Again, the wire is not there and DiCaprio’s cop remains safe, if rattled. It takes
four minutes for Scorsese to cover the same story terrain Infernal Affairs accomplished in 15 seconds.
(Here’s where I explain that I don’t think this is a flaw
of The Departed, merely a different
approach to filmmaking. Yes, those speeches don’t advance the story much, but
much of the pleasure of the film comes from the delightfully profane dialogue,
spoken with relish in broad Boston accents by the film’s remarkable actors.)
The difference here is simply one of approach. Infernal Affairs is all quick,
punctuating violence, violence that appears and disappears with no warning, no
time to prepare. The Departed, on the
other hand, creates a palpable dread. It very much wants to put us inside the
mind of DiCaprio, to feel the kind of paranoia and pressure he has to deal with
every day in his life as the only good guy in a world of very scary men. The Departed is as much about the
psychology of violence as it is anything else and it creates a world dominated
by this kind of pathological fear. Infernal
Affairs is about tracing an intricate web and much of our enjoyment comes
from watching the ways it plays on and varies its generic forebearers. To
drastically simplify: in The Departed,
we identify with the characters, in Infernal
Affairs, we admire the filmmaking craft.
The success of Infernal
Affairs certainly inspired a burst of creativity from Johnnie To, as he
followed it up with his greatest cops and gangsters films, movies that
challenged and critiqued the genre more successfully than he ever had before.
Where his 1999 The Mission is a
perfect expression of the heroic bloodshed genre, later films broke down and
analyzed the genre’s ideals, codes, and psychology from within both the cops (PTU, Breaking News, Mad Detective) and
the gangsters (Exiled, Vengeance, the
Election films).

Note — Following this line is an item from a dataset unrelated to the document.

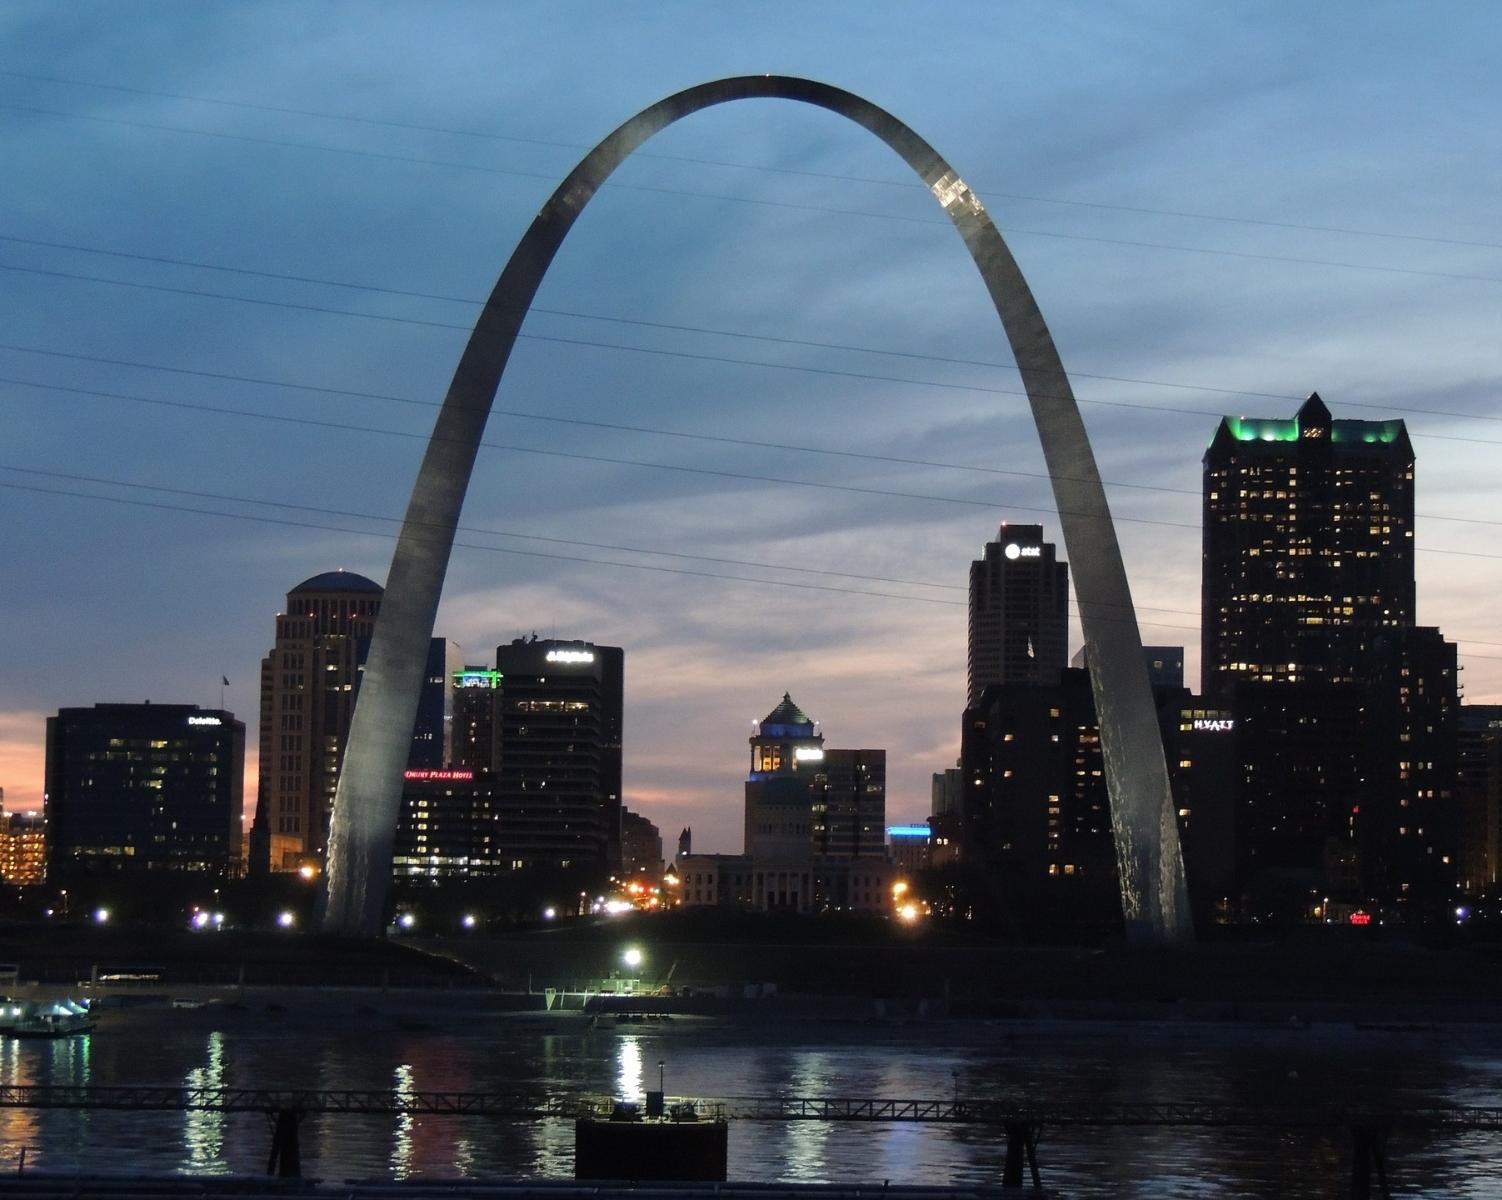 6. The Gateway Arch – St. Louis, Missouri, USA

None of these films
managed to be as popular as Lau and Mok’s film, though they did win To critical
acclaim both in Hong Kong and around the world. As yet, none of them have been
remade in Hollywood.
Great read. I love how you teased out the way in which the films differ and how we go about enjoying them in different ways as a result.
ReplyDeleteOne thing I've come to appreciate about the action films of the Orient of this ilk is that no-nonsense we tell you once and then go on approach. For someone like me who hates enduring exposition, it makes the films a lot more engaging and effortless to watch.
Also, this is a reminded I need to start watching more To.